Венсан не верил своим глазам. Быть может это все действие абсента и на самом деле он лишь продолжает смотреть на портрет? Нет, ощущения были вполне реальными.
— Я видел, как вы упали…
— Мой позор, кажется, видели все. — Виктор все еще поглаживал его по спине. — Обнимите меня, если… Обнимете?

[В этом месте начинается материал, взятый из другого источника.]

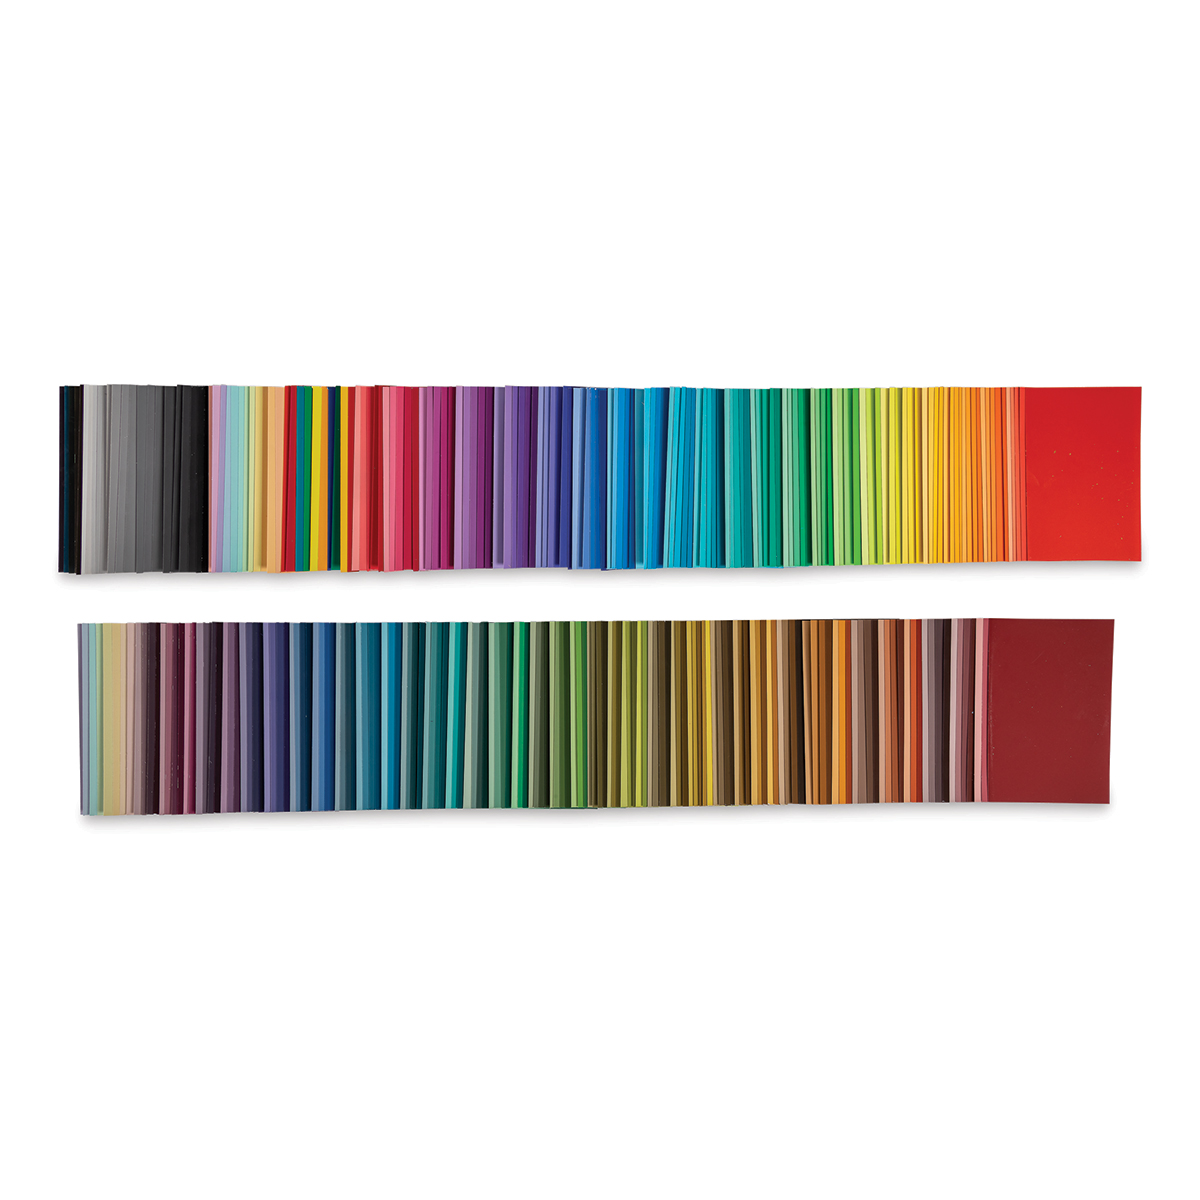 220 Sheets Colored Cardstock Paper Colorful Paper Assorted Colors

Венсан крепко обнял его в ответ.
— Как только все эти люди могли так про вас говорить! — неожиданно воскликнул он, чувствуя как злость, которая было совсем затихла вскипает вновь.
— Так вы им не верите? Тому, что они говорят. — Виктор и сам крепче обнял Венсана, примостив подбородок у него на плече.
Теперь он на самом деле был уверен, что самым правильным решением было отправиться на Монмартр.
— Ни одному слову! Когда я услышал, что про вас говорят, я так разозлился. Все эти люди говорили ужасные вещи.
— Вот поэтому я и здесь. — Виктор даже улыбнулся. Он продолжил поглаживать Венсана по спине, чтобы тот не вскипал.
Неожиданно Венсан отстранился и обеспокоенно посмотрел на Виктора.
— Как ваша нога?
— Болит. У меня выскочила коленная чашечка и сместился сустав. Мне вправили и обкололи, чтобы я ее просто не чувствовал. Как видите, я преодолел четыре этажа наверх. Но я бы все-таки присел… Выпьем чаю? — Люмьер улыбнулся. — Или кофе.
Венсан кивнул и поспешил поставить чайник.
— Знаете, а я дописал ваш портрет. Хотите посмотреть?
— Да. — Виктор кивнул. — Обязательно. Да, Венсан. — Виктор даже на мгновение отвернулся, когда глаза оказались на мокром месте. Потрясений для одного дня было слишком много. Он не ожидал такого добра от Дюплесси.